太陽升到了正上空,照亮了煥然一新的戰鬥場和維修人員的黑眼圈。
觀戰席上依舊座無虛席,沈族的年輕人都昂首挺胸,這代沈族出了沈追和沈無拘這倆位天驕讓他們十分自豪和驕傲。
沈族老人們則滿面愁容,他們已經因為沈無拘得罪了楊族,現在只有沈無拘當上神選者才能相抗衡,但沈無拘終究不是忠心家族的人。
楊族的人坐在中間的變成了傷勢恢復的楊寧軒,他之所以之前受傷嚴重是因為封鎖了修為,恢復修為後這些傷一晚上就可痊愈。
楊寧軒左右是兩個侍妾在給他分別扇風和喂水果,上後方是另一個侍妾在給他捏肩,讓人好不羨慕。
老人因此隻好坐到楊寧軒下前方,和楊寧軒一直絮叨他應該著手回去處理家族事務。
“夠了,老家夥,我答應過你了輸了就乖乖回去繼承家族事業,但今天我必須看看他們誰會是神選者。”
楊寧軒不耐煩的輕踢了他兩腳,老人歎息了一聲便也專心看比賽了。
戰鬥場兩邊噴射出煙花,在眾人的鼓掌聲中,沈無拘和張心澈從兩邊入場,堅定地注視著對方。
這次沒有主持人了,因為那個主持人上次主持完就立刻跑路了,還貼心的把這裡情況告訴了主持界其他人,導致沒人敢接了。
沈追一臉懶散的拿起話筒,“我宣布,比賽,開始。”
沈追一句一個停頓,不知情的以為沈追在興奮,其實他是每說一個字都感覺麻煩想放棄才停頓的。
張心澈聞聲立刻繞著場到處躲避,邊跑邊向沈無拘扔飛葉。
沈無拘施加九階的重力法陣,試圖讓張心澈慢下來。
張心澈感受到壓抑立刻隱身,沈無拘猜測張心澈會借助樹葉瞬移,所以便使用九階雷霆法陣,轟擊整個賽場。
肉眼可見數片樹葉發出嘭嘭聲冒出白煙,沈無拘再施加七階火焰法陣將落在滿場的樹葉焚燒。
一道紫雷劈在一處空氣中在空中消失,沒有落在地上。
沈無拘立刻鎖定那個位置,青色九階解析法陣投射出去,將張心澈顯露出來。
張心澈眼見暴露就解除隱身狀態,身體冒出火焰覆蓋全身,衝向沈無拘。
沈無拘發出的法陣光圈都被張心澈身體不斷燃燒升溫的火焰焚燒,還沒發作便消失了。
沈無拘連放八個九階防禦大陣,開始吟誦古老的咒語,周圍的元素開始迅速向沈無拘聚攏。
張心澈瞬間突破三個防禦法陣,第四五個用極火法則附加的拳頭擊碎,第六七個被張心澈發出的熔柱衝破。
到最後一個,張心澈的拳頭剛要打在法陣上,一道紅色的紋路複雜的瑰麗的法陣從防禦法陣中竄出,擋在了張心澈拳頭上。

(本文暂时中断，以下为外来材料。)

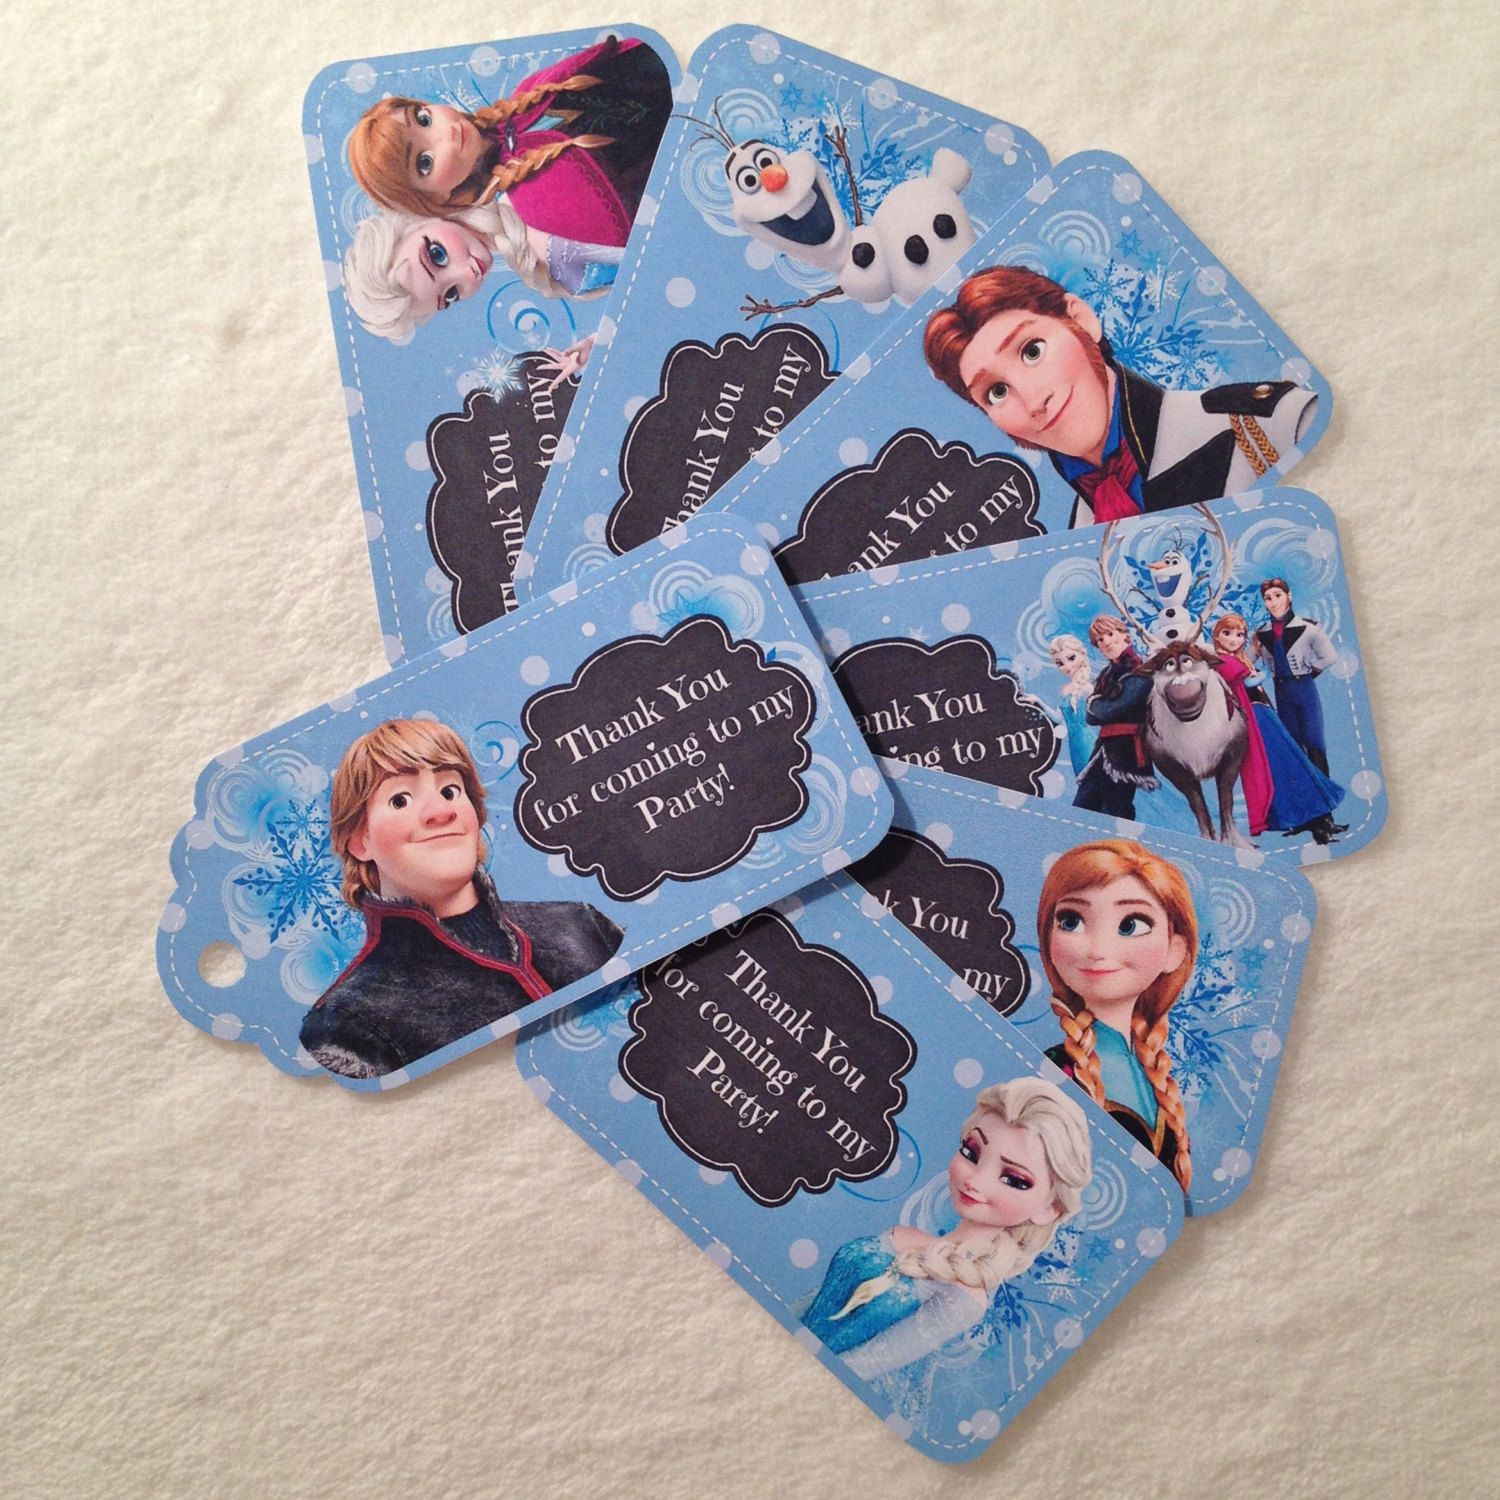 Thank You For Coming To My Party Gift Ideas
 10 FROZEN "Thank You for ing to my Party" Party Favor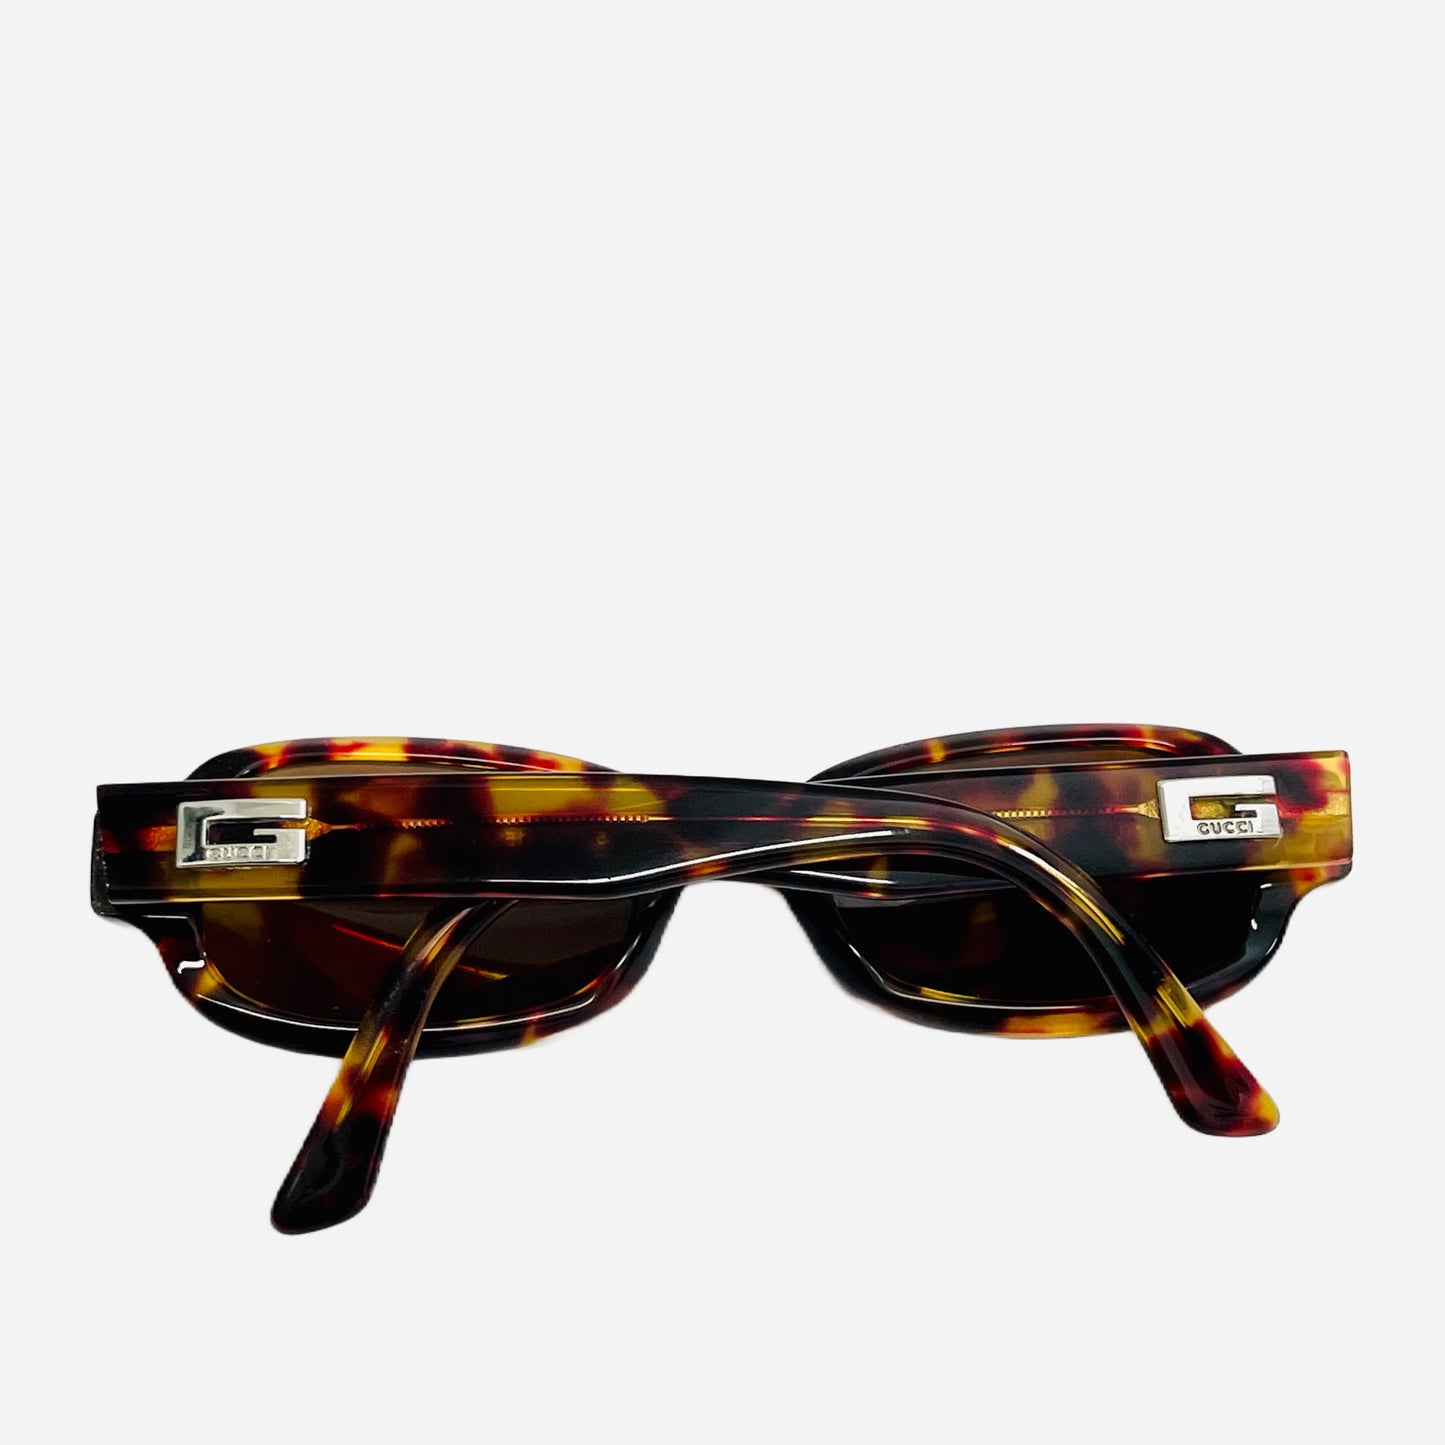 Vintage-Gucci-Sunglasses-Sonnenbrille-90s-1156_S-The-Seekers-back

張心澈的火拳並沒能擊碎它,反而被法陣產生的反震擊飛到戰鬥場牆壁上。
“心澈,你輸了!”
血色大陣覆蓋全場,張心澈剛鑽出牆面就被巨大的重力壓彎了身軀。
地面竄出數條血色鎖鏈在張心澈周圍,沈無拘閉上了眼,右手結陣準備發出雷霆轟擊。
突然,沈無拘聽到嘭的一聲,沈無拘立刻睜開眼,果然張心澈的位置隻留有一片樹葉在飄落,鎖鏈將樹葉洞穿。
張心澈來到沈無拘身後,右拳迅速打向沈無拘。
楊寧軒看到這幕邪笑了起來。
今天凌晨,張心澈敲起了楊寧軒的門。
“誰啊,
這麽早就來吵我,想死啊!” 楊寧軒怒罵道,聽到是張心澈後揉了揉睛明穴,就叫他進來。
“我能進來嗎,你那三個侍妾……”
“滾!不進來就滾!”
張心澈推開門,把頭鑽進來沒看到那三個侍妾在這裡,就全身進來關上了門。
楊寧軒看張心澈左顧右看,立即怒上心頭,拿起枕頭就砸向張心澈。
“我就沒碰過她們,她們是老家夥們強塞給我的,多半是放在我身邊的眼線。”
張心澈接住枕頭,坐在楊寧軒旁邊的凳子上,憨憨得笑著。
“我來是想知道那個大陣是陣成瞬間壓製靈力嗎?”
“搜集情報?還真是成熟了,都有心機了。我為什麽要告訴你,我有什麽好處?”
“因為你也想知道這個法陣有沒有破解的可能,你的高傲不允許你敗得這麽徹底。”
“你哥教你說的這些話吧?我的探子說他這一個月都在看心理學的書,但就算告訴你你也很難破陣的,除非在他陣成前擊敗他。”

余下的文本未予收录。